With all that set, the highest I’ve seen in use memory is 31.02GB while running a 70B Q3_K_S model. So there’s headroom. There maybe a lot more. Since my goal is to not swap. I noticed that when I log into the GUI while it’s running a model, the compressed RAM goes up to around 750MB but it still doesn’t swap. So I wonder how far memory compression would let me stretch it. I do notice that it’s not as snappy. With no GUI login, the model runs right away after the model is cached after the first run. With a GUI login, it pauses for a few seconds.

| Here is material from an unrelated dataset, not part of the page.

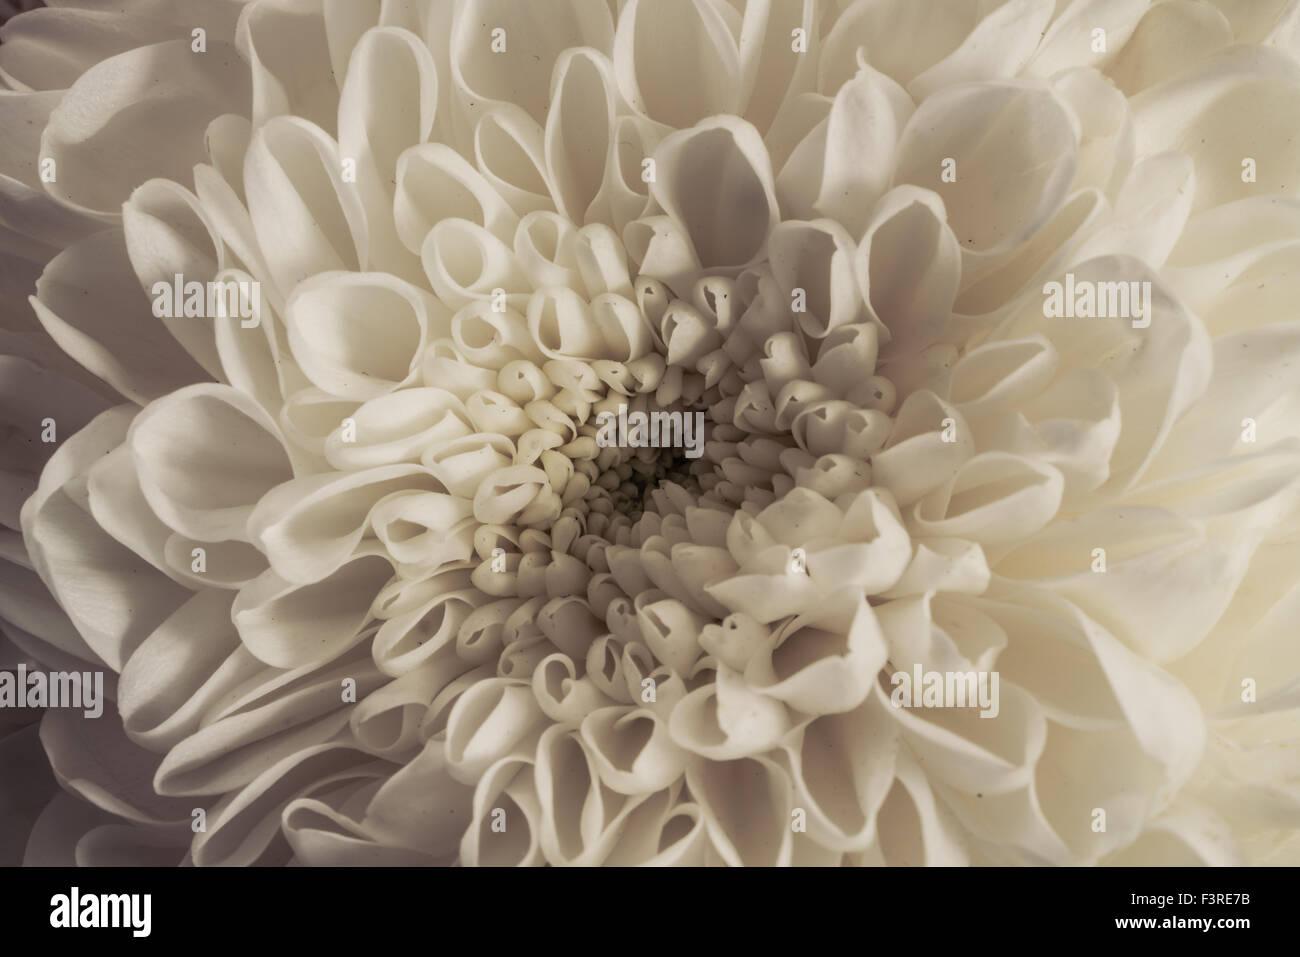 Un primer plano de flores tomadas en otoño. Imagen De Stock

As for performance, it’s 14 t/s prompt and 4 t/s generation using the GPU. It’s 2 and 2 using the CPU. Power consumption is remarkably low. Using the GPU, powermetrics reports 39 watts for the entire machine but my wall monitor says it’s taking 79 watts from the wall. Using the CPU powermetrics reports 36 watts and the wall monitor says 63 watts. I don’t know why it’s so much more efficient at the wall between GPU and CPU. It’s only a 3 watt difference in the machine but 16 watts at the wall.
All in all, I’m super impressed. The M1 32GB Studio may be the runt of the Mac Studio lineup but considering that I paid about what a used 3090 costs on ebay for a new one, I think it’s the best value for performance I have to run LLMs. Since I plan on running this all out 24/7/365, the power savings alone compared to anything else with a GPU will be several hundreds of dollars a year.
Last comment on GitHub seems a way safer option. On every reboot just do sudo sysctl iogpu.wired_limit_mb= and you’re done. No weird patching and booting and what nots.
But amazing knowledge again. Especially for the 192 gb version, this could open up some extra doors. I assume the m3 next year will be 256gb so that would bring some as we one models to the table!
Definitely. It’s a much better way to do it for a variety of reasons. Not least of which is that the kernel patch is kernel dependent so will need to be kept up to date. Setting this system variable isn’t. Unless Apple removes it. It should keep working in future releases of Mac OS.
Yes, this is great news! Just the other day I was trying to get the yi-34 model running at q3 on my 24GB MacBook Air and was literally like 50 MB away from getting it to load. I had a search for a way to bump up the max allocable RAM but didn’t see anything. This method works great, just tested it.